# Happy Birthday Max..One year old!!



## ponyfarm (Apr 11, 2010)

Max was born on Valentines' Day..I suppose that is why he is so sweet! 
I researched, mulled over breeders, and bloodlines for two years before I jumped in with all four feet and added Max to my life.

We have so much fun together every day! He is just about perfect in every way, except I really doubt he can pass the CGC due to his whining during the supervised separation! lol!
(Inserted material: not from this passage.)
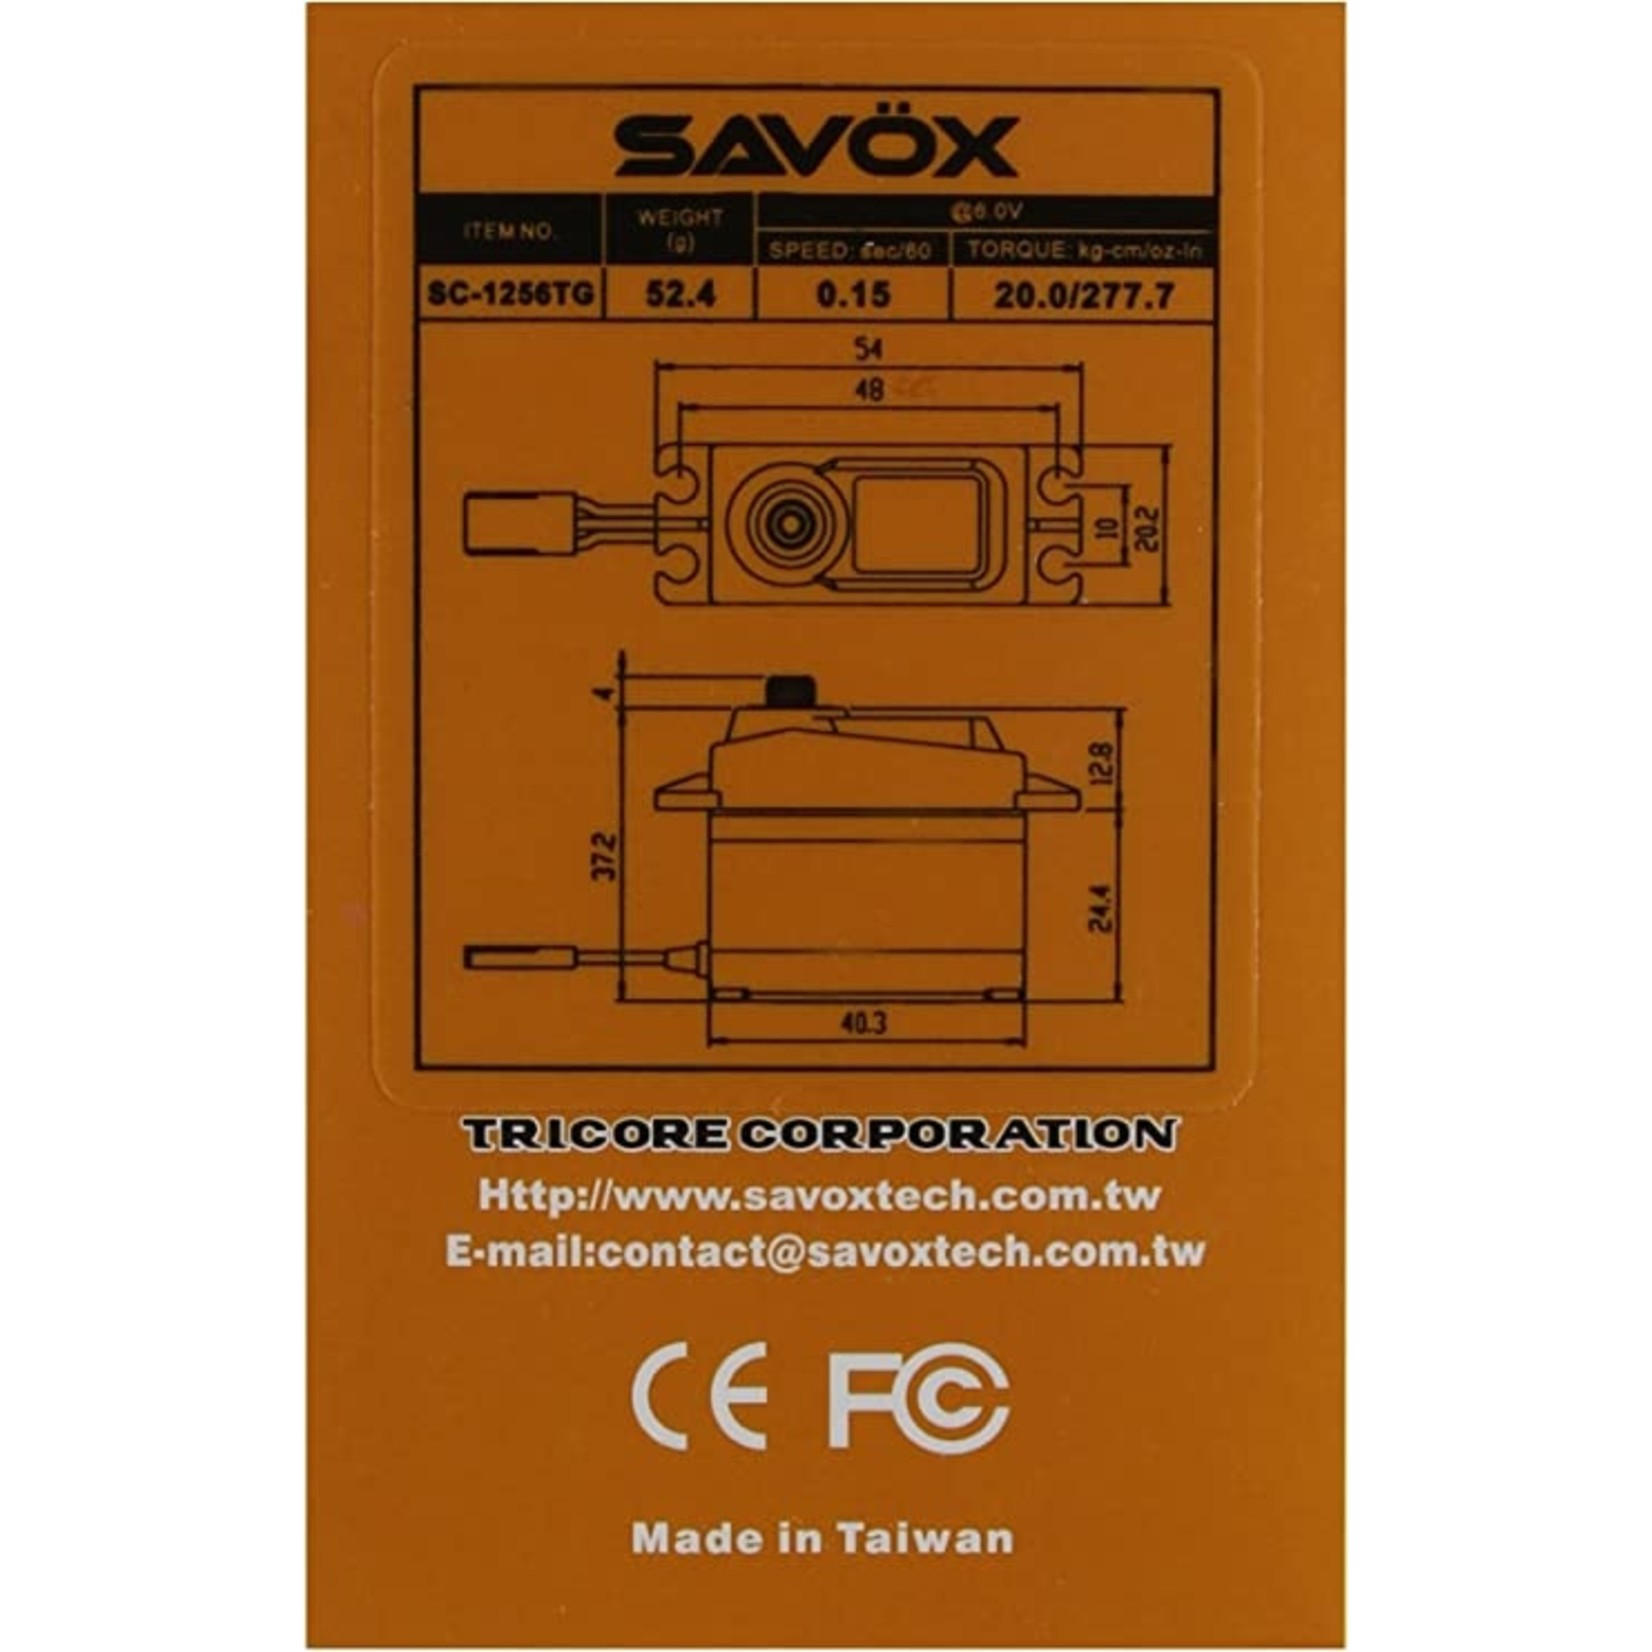 Savox Savox Standard Digital "High Speed" Titanium Gear Servo #SC-1258TG

He just loves me that much!!

Here is a baby picture with his collie brother, Tim, and today, looking all manly and grown up!:wub:


----------



## mandiah89 (Jan 18, 2013)

Happy bday max... what a handsome little devil


----------



## Shade (Feb 20, 2012)

Happy birthday handsome :birthday:


----------



## Bear GSD (Apr 12, 2012)

Happy Belated Birthday sweet Max! :birthday:


----------



## Kyle2 (Feb 26, 2013)

Happy Birthday max... Its Beautiful dog...


----------



## professionaldogtraining (Jan 29, 2013)

happy birthday so awsome


----------



## RebelGSD (Mar 20, 2008)

Happy birthday gorgeous!


----------



## Courtney (Feb 12, 2010)

I'm a little late Max, but hope you had an outstanding b-day handsome guy


----------



## GatorDog (Aug 17, 2011)

Happy belated birthday handsome!!


----------